Derinden ufaktan bunu aslında istemediğini mi hissediyorsun? Yoksa hepsi birden mi?
Bir öykü anlatsam, kahramanları buna benzer kırılmalar, bölünmeler yaşasa belki daha anlaşılır olur. Anlatma göster! Göstere göstere. Gözüne sok!
Yalnızca daha kolay olmalıydı diyorum. Başkalarına da bu kadar zor geliyor mu, bu kadar basit şeyler. Yoksa beyazla siyah gibi çok mu kolay ayırt etmesi herkes için.
Haksızlığa uğramış hissediyorum kendimi. Hakkım var mı buna bilmem :)
Hemen onun için bahaneler sıralıyorum. Sonra peşinden haksızlık duygusu ham ayva ağırlığından göğsümde. Bazen kendime eziyet etme eşiğim çok mu yüksek diye soruyorum kendime, bazen de çok mızmız buluyorum kendimi.
Sanki en az önemli şeylerde en kolay mızlanıyorum da, daha derinlere inince çizikler katlanma katsayım katlanıyor.

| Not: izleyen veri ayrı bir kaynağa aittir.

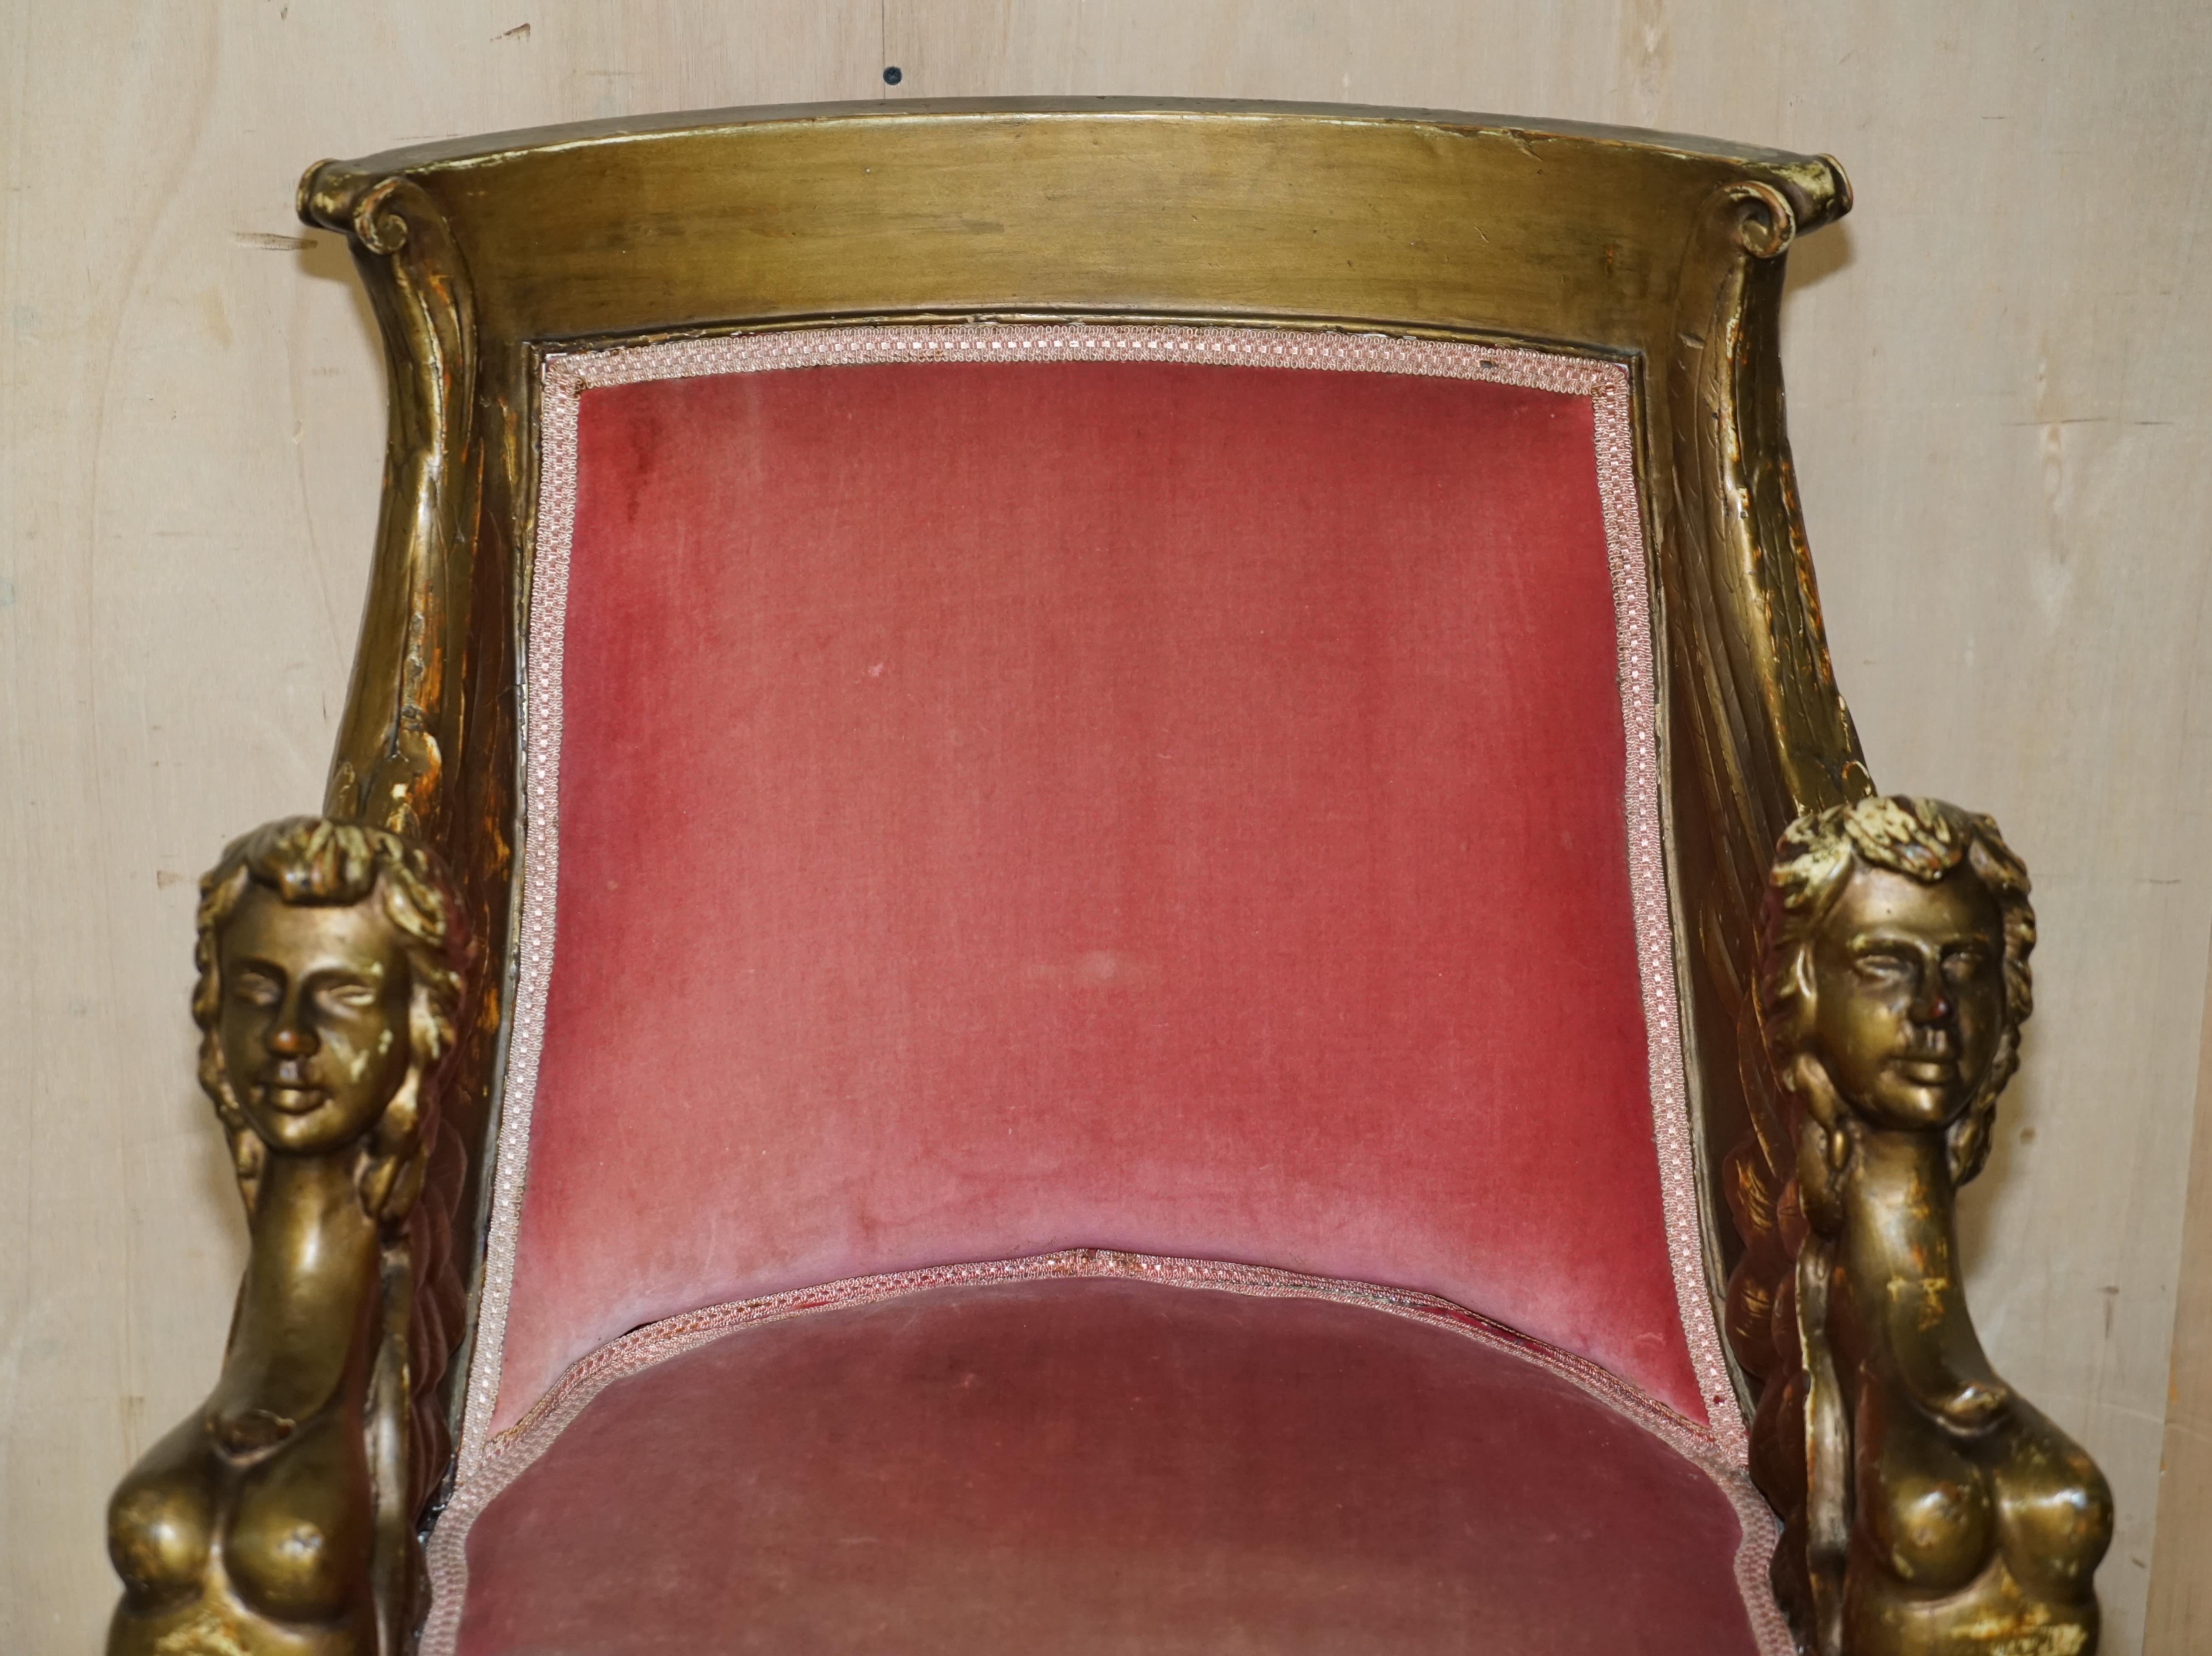 Hand-Crafted After Thomas Hope Antique circa 1780 George III Hand Carved Giltwood Armchair For Sale

En kolay yolu salıvermek kendini hayatın kucağına, bakalım ne çıkacak bahtıma. Bak şimdi de bu durağanlık içinde geçici bir duygu pırıltısının izinde kaybolma korkusu geldi içime. Kendi kendime gülümsüyorum, kaybolmak iyidir diye geçiyor aklımdan. Filmlerde mi duymuştum bu repliği? Artık gerçek hayatta ne olup bitiyor onu merak ediyorum. Süslenmiş hikayeleri değil gerçekleri duymak istiyorum.